¿Democracia de manada?
Voltaire.
Numerosas firmas de compañeros aclamaban que uno de ellos se cortara el pelo; esto
sucedía en el aula en la que yo dictaba apasionadamente el curso de literatura
en un colegio. Se creía que si el salón, con la abrumadora recolección de
firmar, presionaba y retorcía bien las tuercas para que la autonomía del Alonso
sea pulverizada, entonces era válido pasar encima de él una aplanadora.
Aquella aula del 2007 era la versión pequeña de la opinión del país y,
en especial, la opinión de las clases socio-económicamente más poderosas que tratan
de sacar provecho –y lo logran- mediante sus medios de comunicación. En el aula
nos preguntamos si debería obedecerse siempre la dictadura del salón y entonces
vimos que cualquiera podría encontrarse dentro de una lista arbitraria de
prohibiciones, pues la mayoría podría decretar censurar los cuentos de Joaquín,
confiscar la guitarra de Mauricio, extirpar las reflexiones de Nicolás, exterminar
los veintes de Ximena y Fiorella.
Parece tonto que una clase escolar haya pedido tijeretear la cabellera
de un amigo, pero pensándolo es algo más grave, es la versión deformada de la
democracia que, como país, nos hace creer que la mayoría, siempre y sin ningún
matiz, y, encima, determinada mayoría (costeña, adinerada y de apellidos
compuestos) tiene el poder despótico de imponer sus gustos sobre la vida
privada de una persona. Una vez vista la atrocidad de que la mayoría solicitase
una acción absurda, ¿cómo desactivar entonces el peligro del despotismo de la
mayoría?, ¿cómo esclarecer mínimamente el concepto de democracia? Una alumna dijo
–de cuarto año de secundaria- que nos organizamos, no para dictaminar si se
debe tener el pelo corto, sino cuando una acción afecta los foros públicos, y
también para velar por el respeto de las decisiones privadas. Sin saberlo todavía,
Ximena esgrimía un concepto de John Rawls[1] y
otro Isaíah Berlin[2]
(dos liberales que en la Lima secuestrada por la mafia fujimoristas son
etiquetados como cripto-marxistas). Después de esa intervención, no me costó
trabajo clavar con clavos y martillo la distinción de uno de los padres del
liberalismo político, John Stuart Mill, entre lo público y lo privado:
La libertad humana exige libertad en nuestros gustos y
en la determinación de nuestros propios fines; libertad para trazar el plan de
nuestra vida según nuestro propio carácter para obrar como queremos, sujetos a
las consecuencias de nuestros actos, sin que nos lo impidan nuestros semejantes
en tanto no les perjudiquemos, aun cuando ellos puedan pensar que nuestra
conducta es loca, perversa o equivocada.[3]
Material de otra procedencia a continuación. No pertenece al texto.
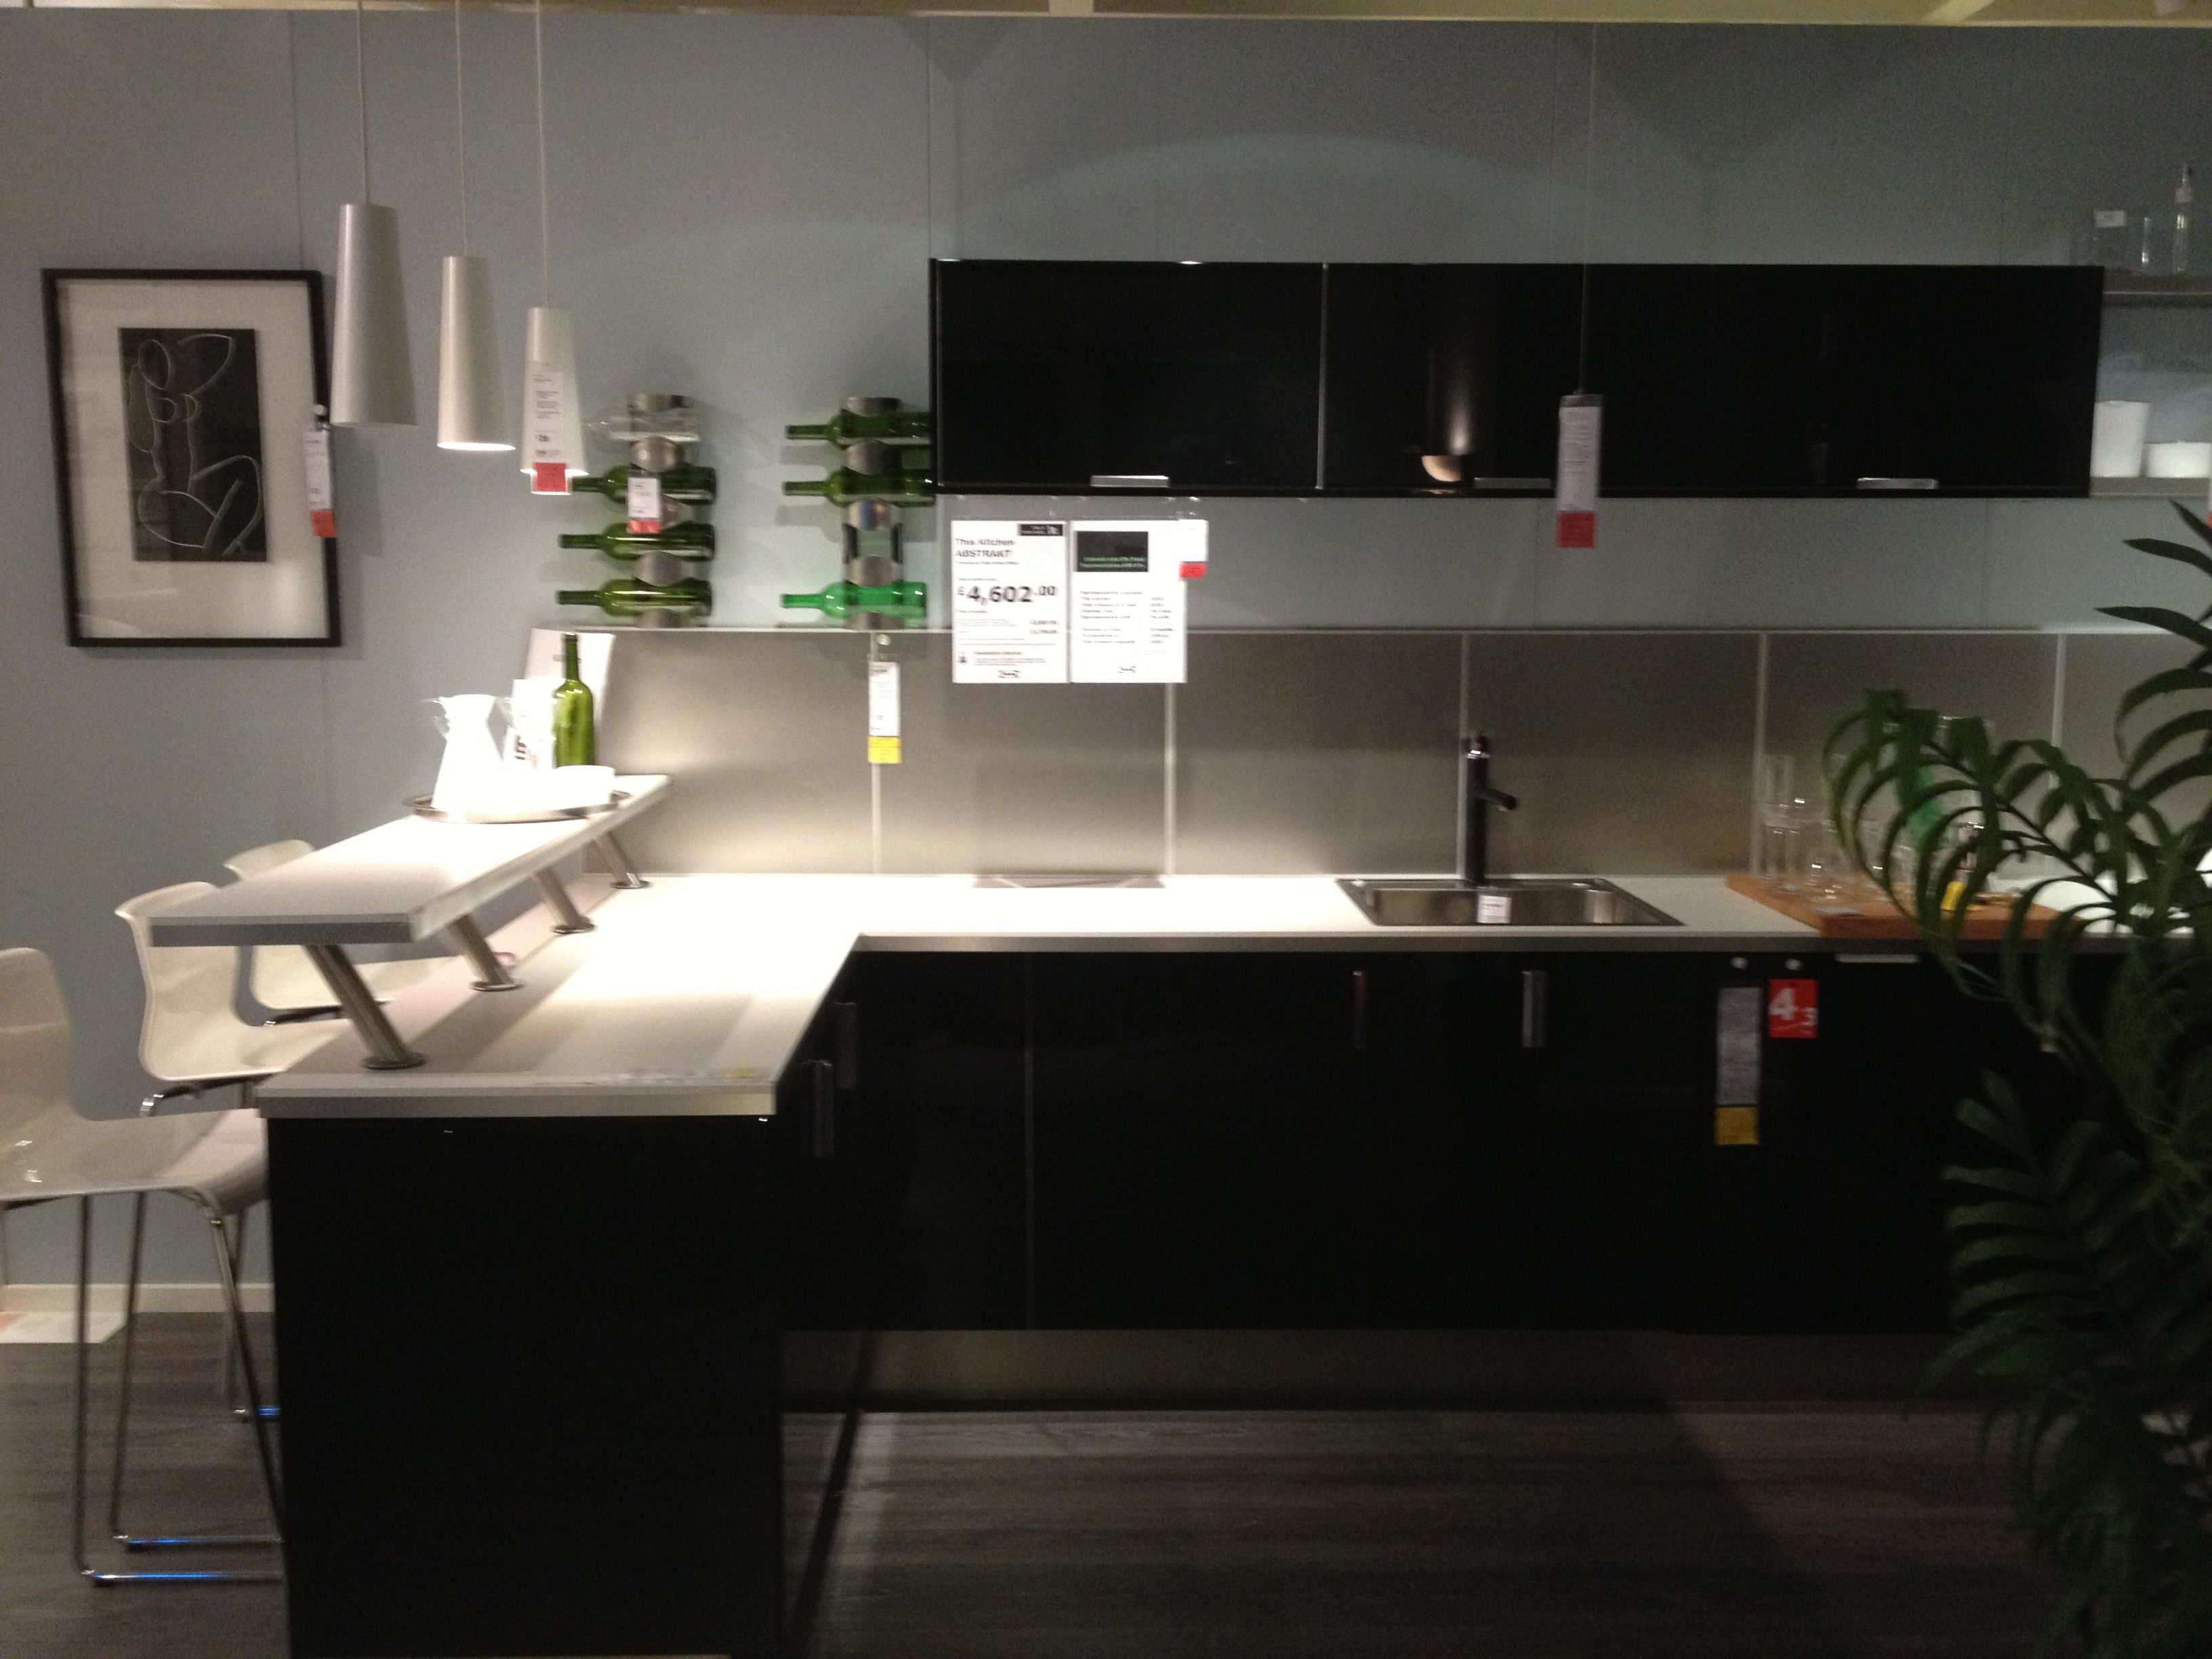 Ikea Kitchen Bar Built In Wine Rack Cabinets With Breakfast Basement

Como yo tenía y tengo el pelo largo, me interesaba saber por qué le
incomodaba a la clase que Alonso también tuviera una cabellera frondosa, pero
preguntarlo era una bastardía, pues podía decirse cualquier estupidez del tipo “es
huachafo”, “es de cholos”, "es una mariconada". La pregunta debía ser ¿en qué te
perjudica a ti que otro lleve un estilo distinto al tuyo? Sólo una mano se
levantó y dijo que le alarmaba que nadie hubiese defendido el derecho de llevar
el pelo como a uno le dé la gana. Era un alegato a favor del derecho
democrático de Alonso -y mío- a la libre elección de sus gustos particulares (una idea
defendida también por el liberal Richard Rorty)[4], y
de ahí tuvimos mucho cuidado, recuerdo, en que la mayoría no invada la vida
privada, pues, un grupo puede convertirse en una manada de estúpidos o de
perversos: de estúpidos que hacen perversidades, de perversos que hacen
estupideces.
[1] Cf. John Rawls. Liberalismo
político. Traducción de Sergio René Madero Báez. México D. F.: Fondo de
Cultura Económica, 1996.
[2] Isaiah Berlin. Dos conceptos de libertad y otros escritos.
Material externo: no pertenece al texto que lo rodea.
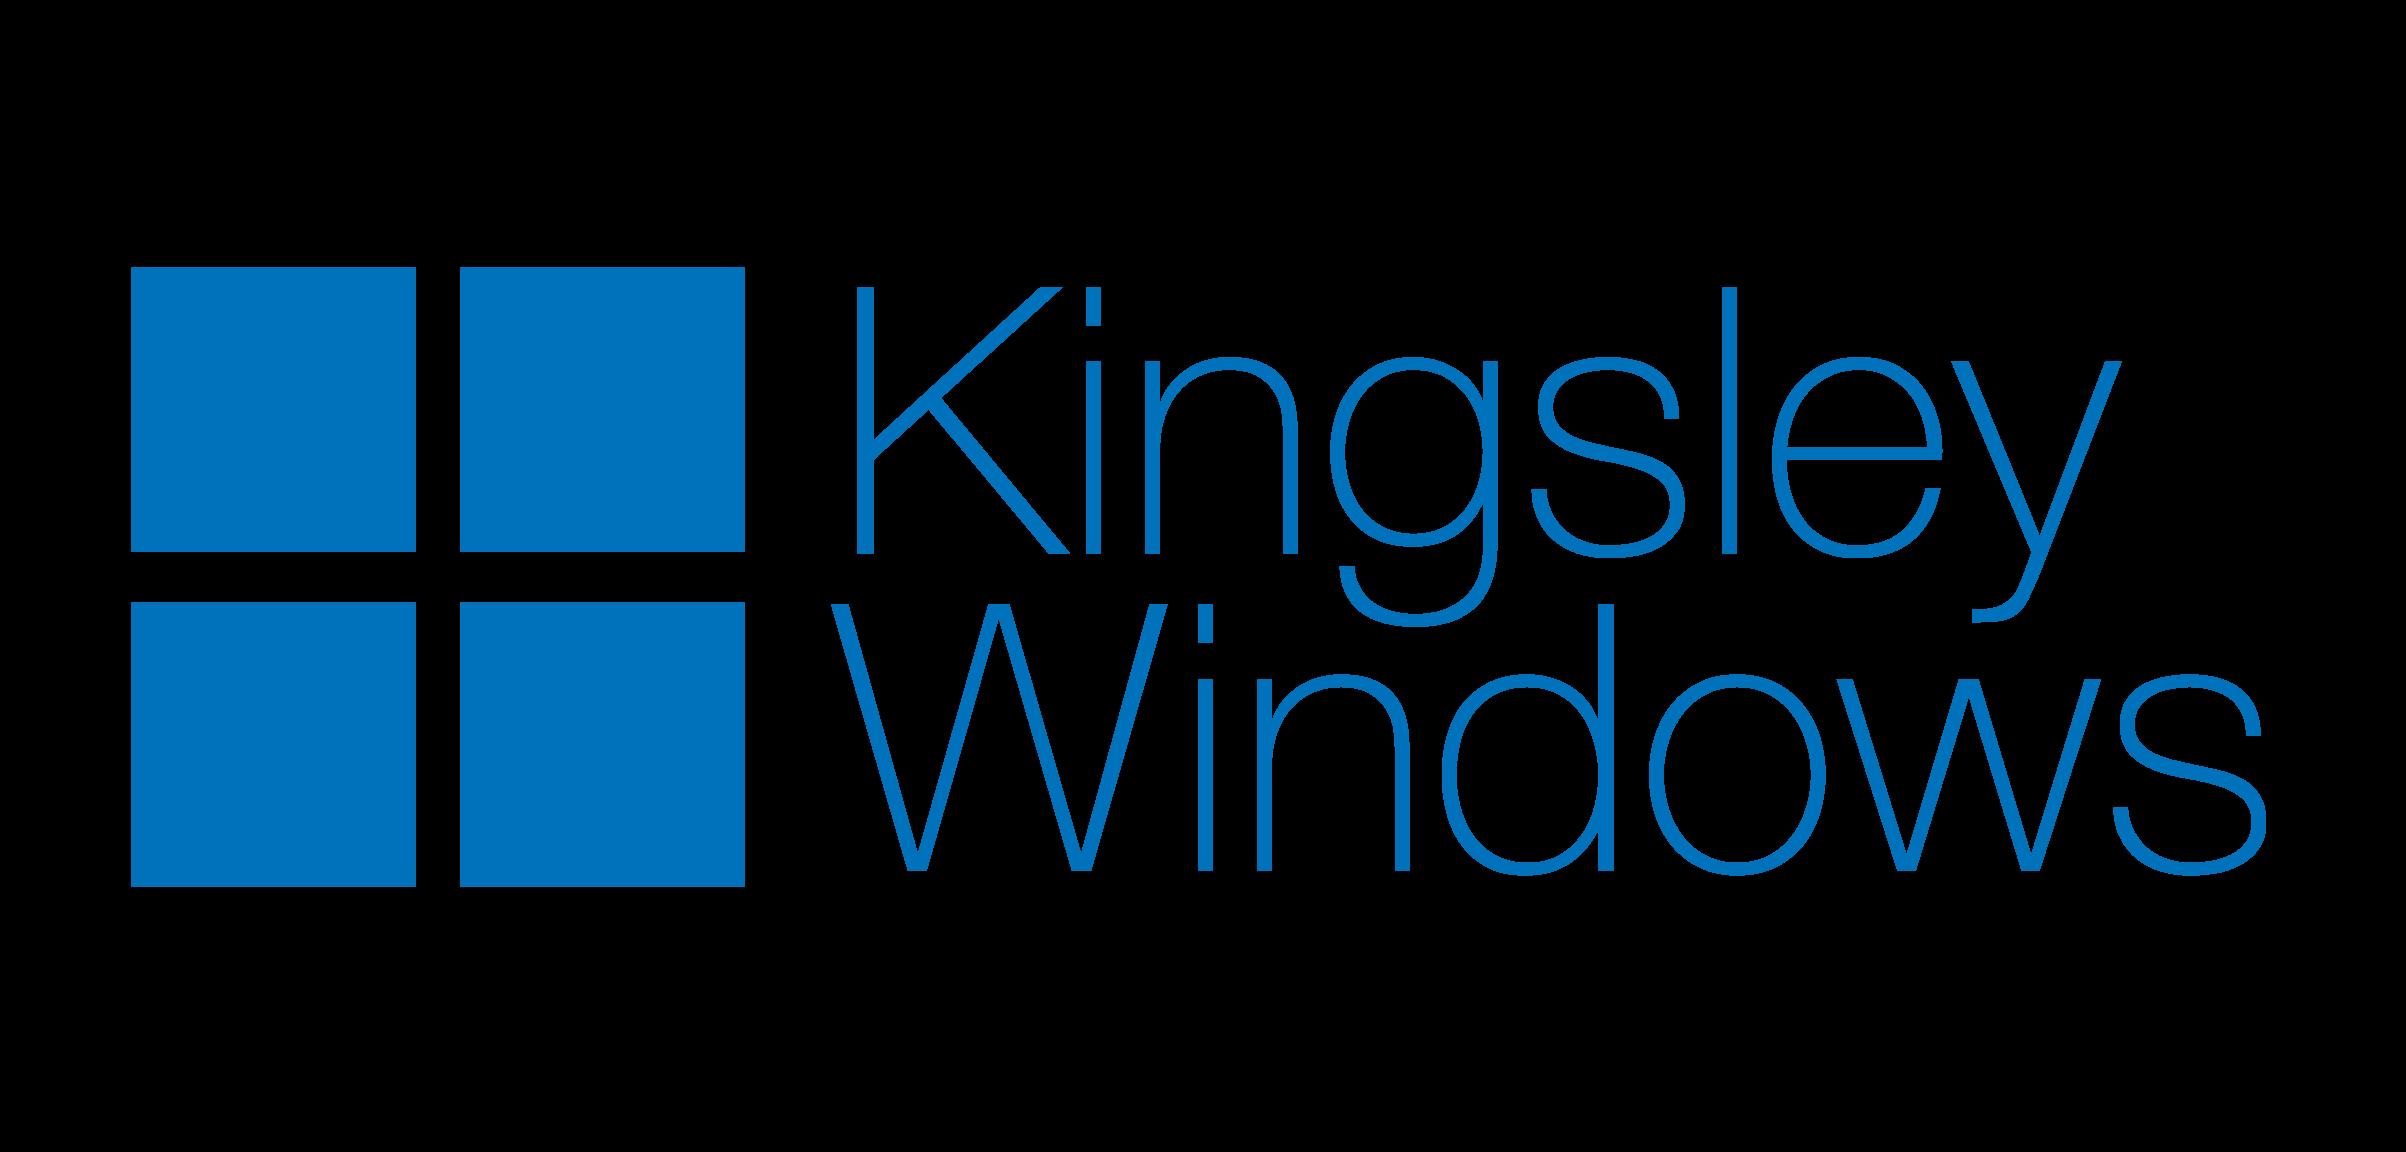 Kingsley Windows

Traducción de Ángel Rivero. Madrid: Alianza Editorial, 2001. “El deseo de que
no se metan con uno y le dejen en paz ha sido el distintivo de una refinada
civilización”. p. 57.
[3] John Stuart Mill. Sobre la libertad. Traducción de Pablo
Azcárate. Madrid: Sarpe, 1984, pp. 40-41. “Hay un límite a la intervención
legítima de la opinión colectiva en la independencia individual: encontrarla y
defenderla contra toda invasión es tan indispensable a una buena condición de
los asuntos humanos, como la protección contra el despotismo político”. Ibíd.,
p. 32.
[4] Cf. Richard Rorty. “Trotsky y las orquídeas salvajes”,
en: Pragmatismo y política.
Traducción de Rafael del Águila. Barcelona: Paidós, 1998, p. 39.